What the task asks -
Set down exactly the lines that run from the one containing "Personnel Records of" to the end of the material below, both included, without pictures.

Data provided -
● ● ● ● ●
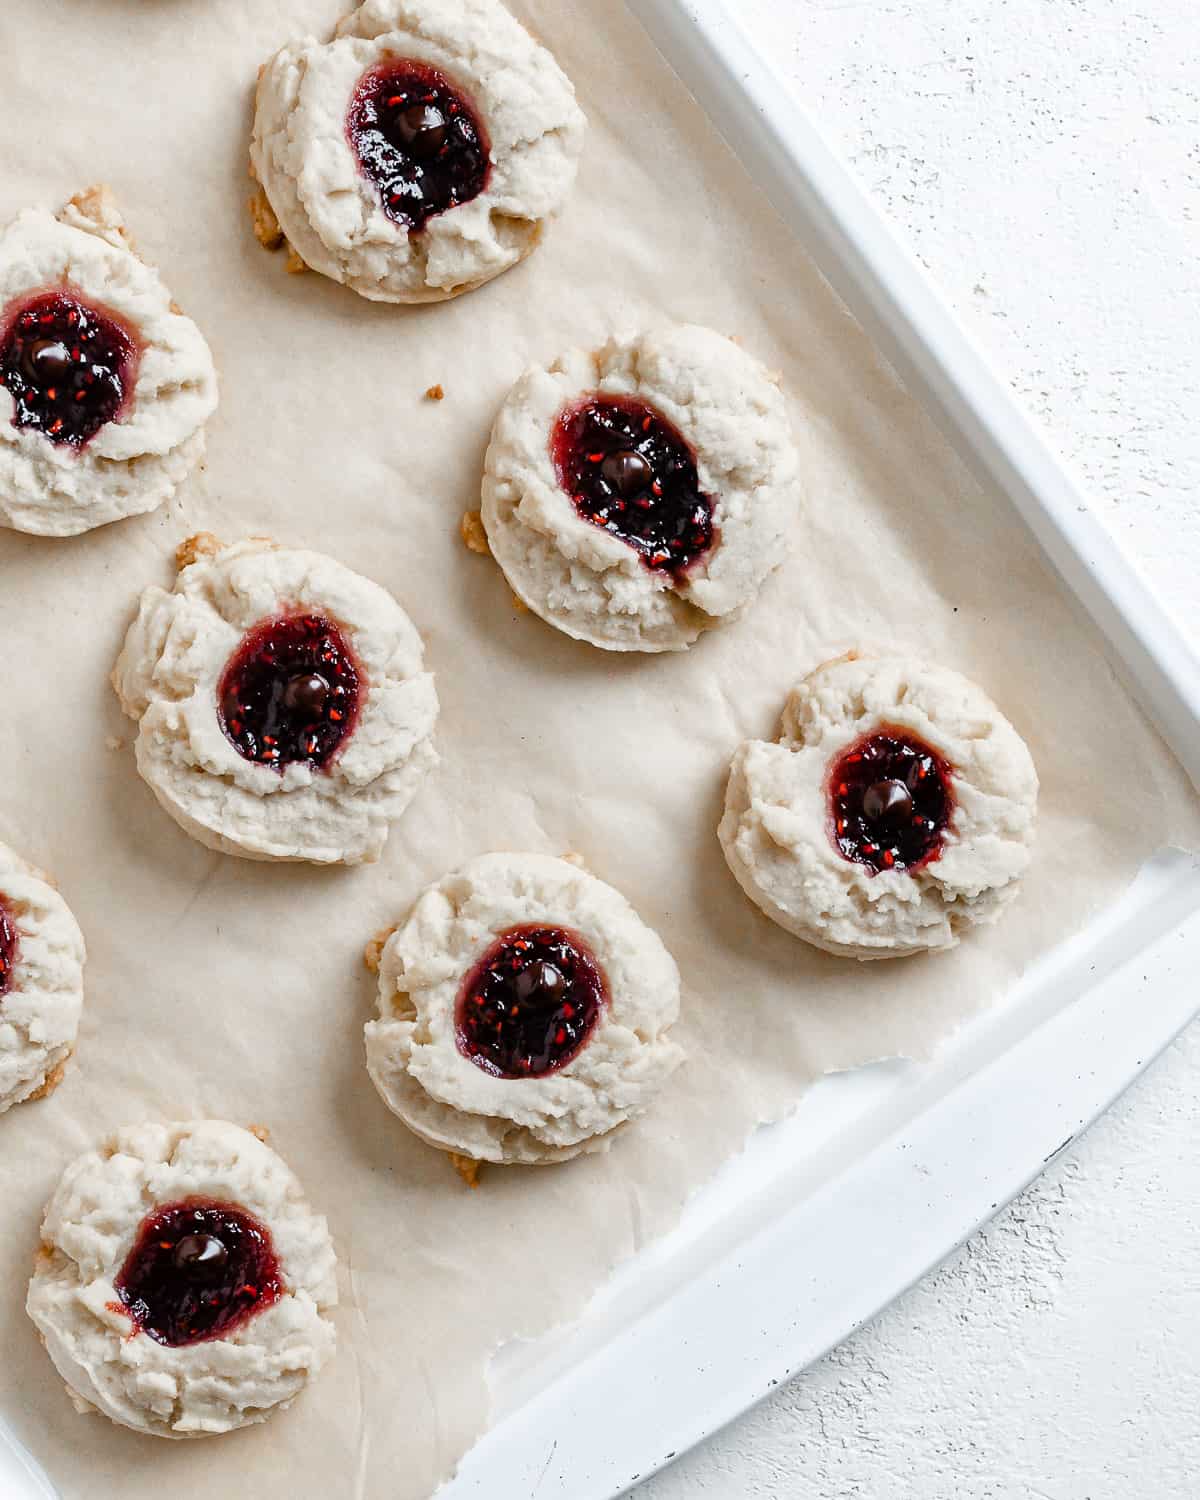 completed Raspberry Jam Thumbprint Cookies scattered on a baking sheet
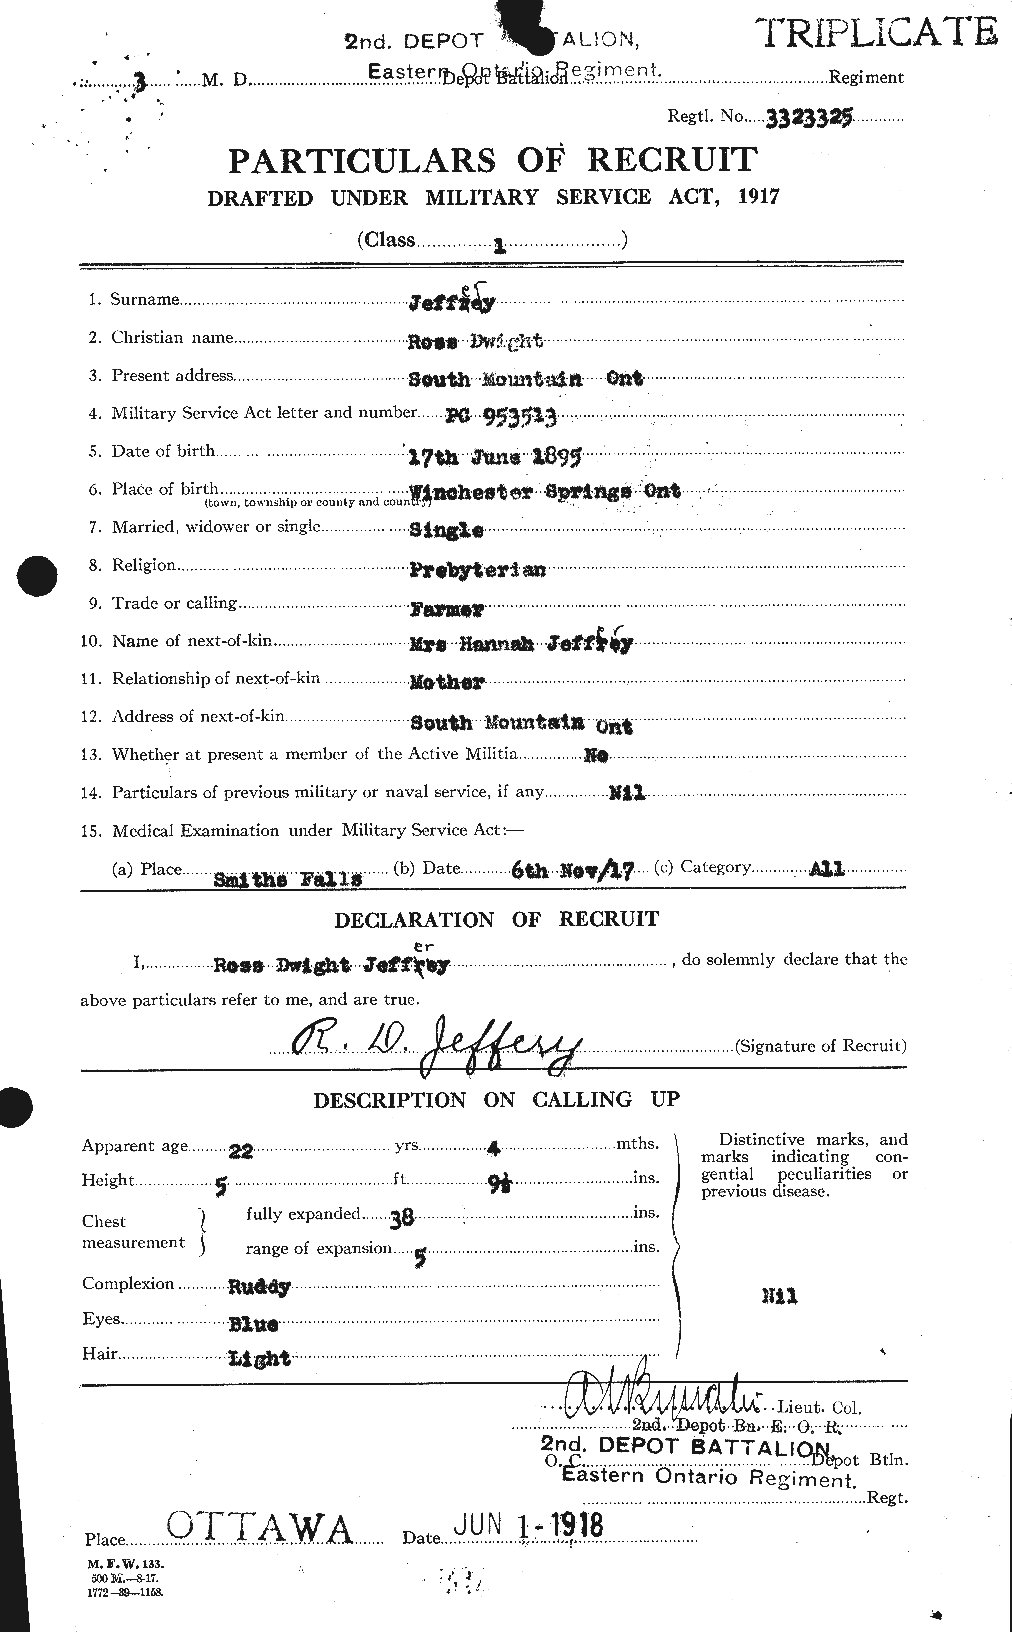 Personnel Records of the First World War - CEF 417798a
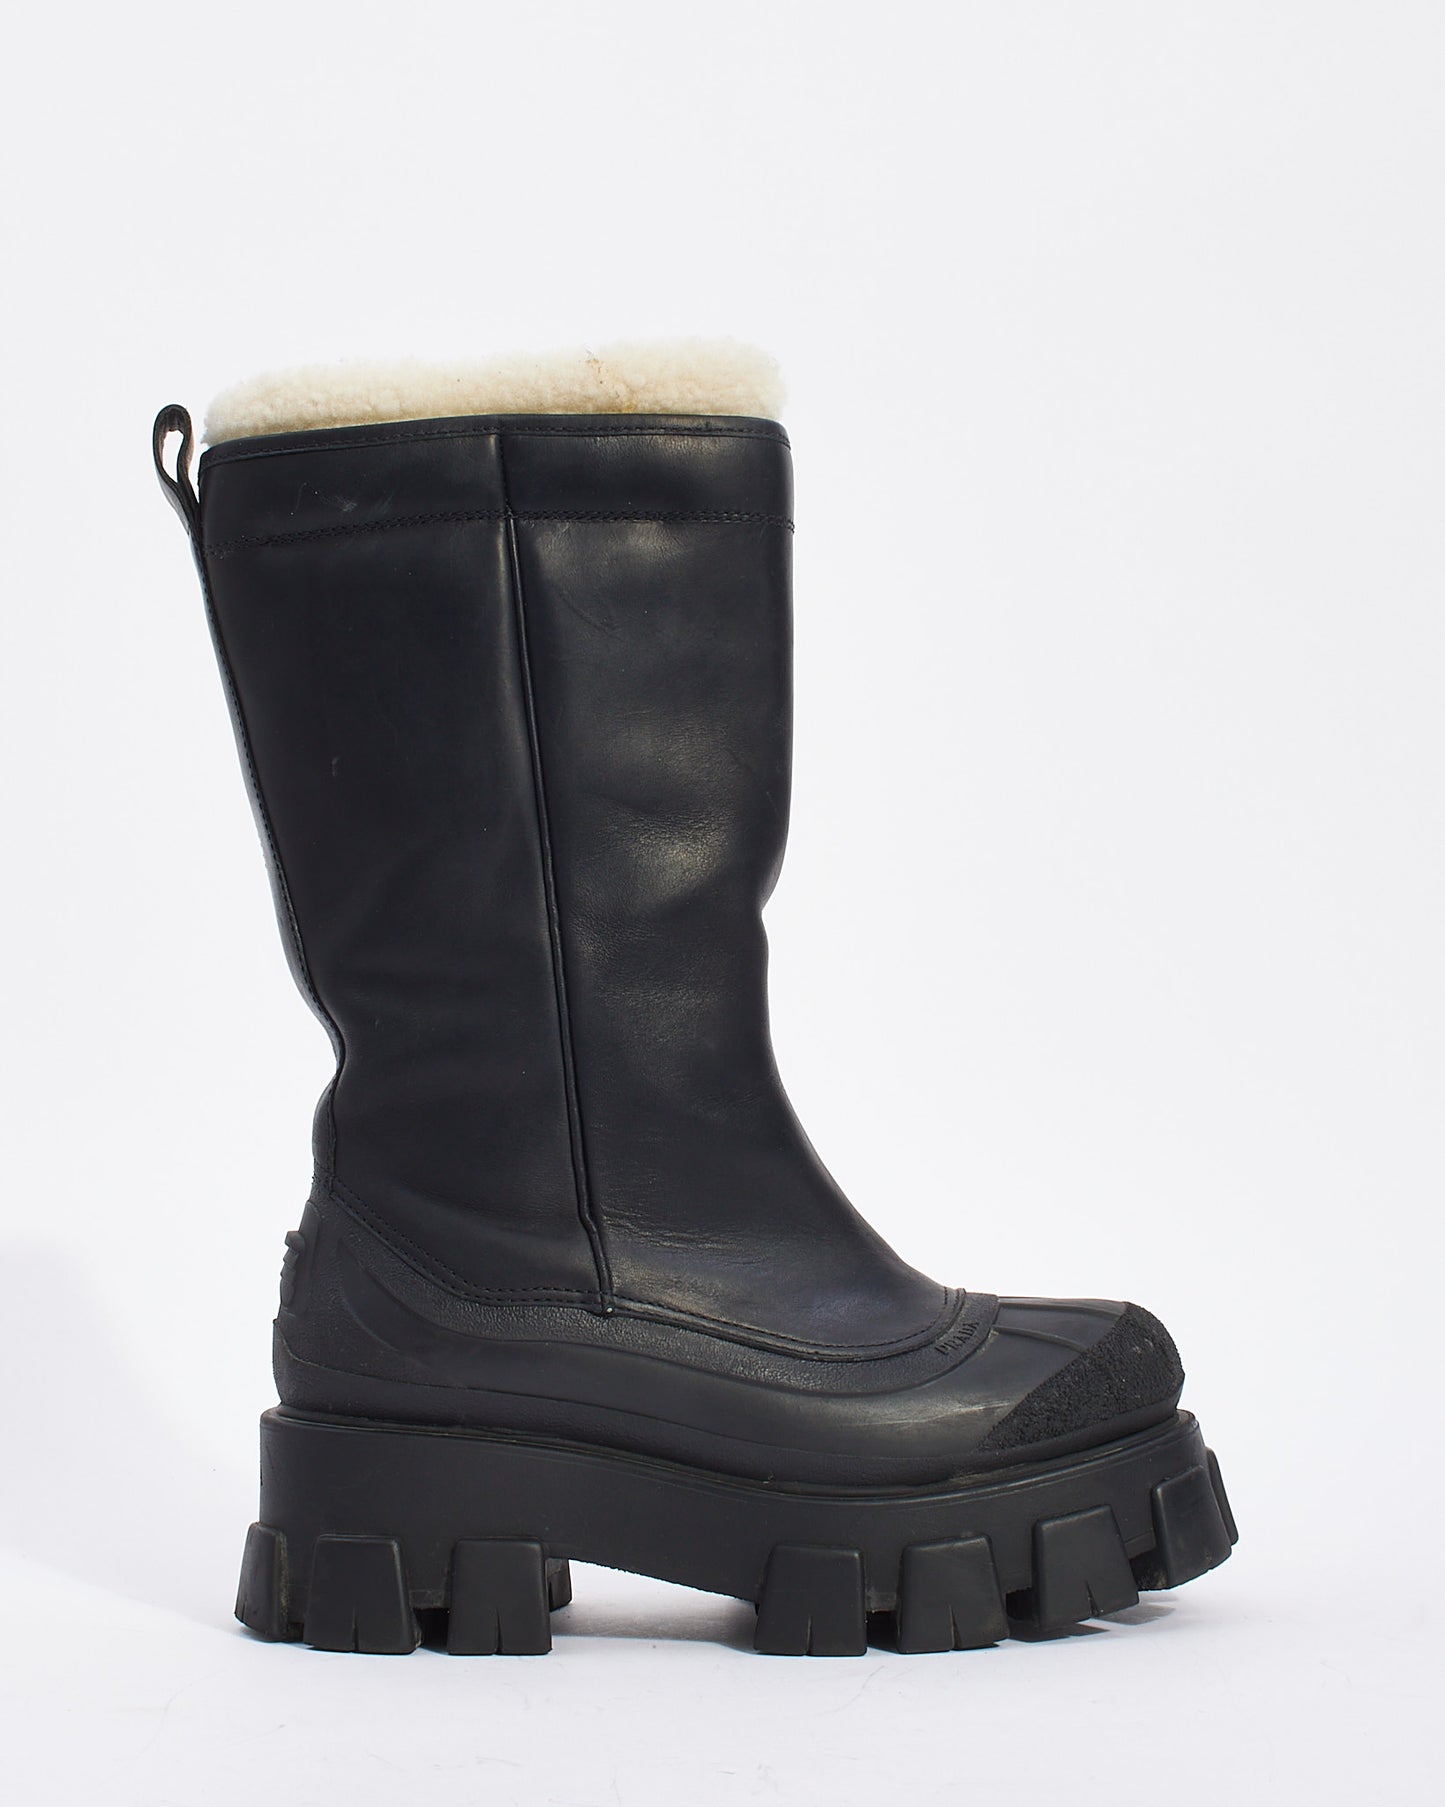 Prada Black Leather Shearling Trimmed Monolith Leather Boots - 37.5
● ● ● ● ●
Solution to this task -
 Personnel Records of the First World War - CEF 417798a
 Prada Black Leather Shearling Trimmed Monolith Leather Boots - 37.5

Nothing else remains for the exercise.